Designing for physical wellbeing has become part of best practice, but tackling mental wellbeing will become more prominent this year. By creating workplaces in which people feel psychologically safe, businesses are enabling employees to achieve more and be happier at work, while reducing the healthcare costs and high turnover associated with stress and burnout.
In growing economies where talent have ample opportunities and are looking beyond financial gain to the values and culture of a business, physical and mental wellbeing has become an influential factor in employment decisions.
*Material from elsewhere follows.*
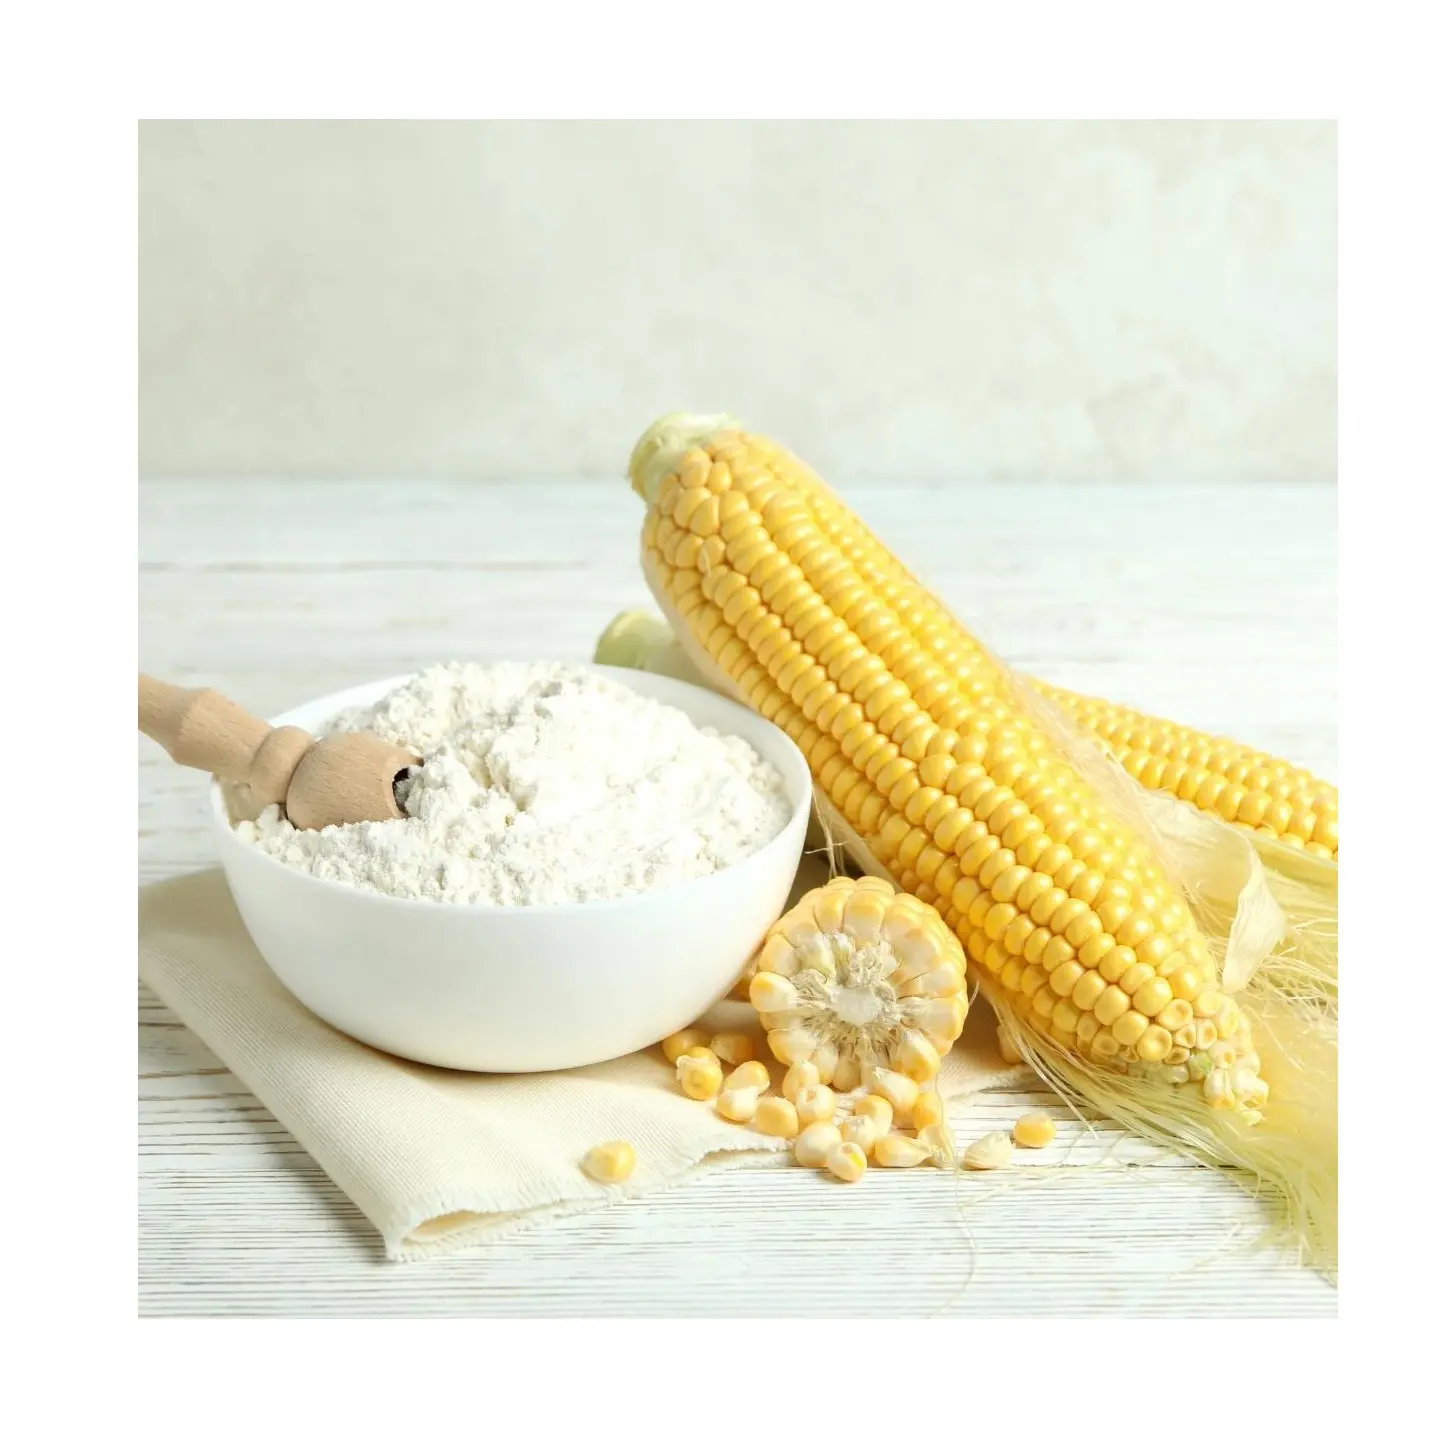 Best Selling Product Premium Quality World best quality Corn Flour At Reasonable Price

Employers will fine-tune the employee experience, addressing cognitive diversity and the neurodiverse. Real diversity covers more blind spots and the approach will shift from meeting the checklist to developing a deep understanding of emotional responses to space. Ensuring that design is intuitive and creates a sense of safety while enabling choice and empowerment of the individual will be key to the future workplace. Leaders will need to observe, learn, change model and champion the required behaviours.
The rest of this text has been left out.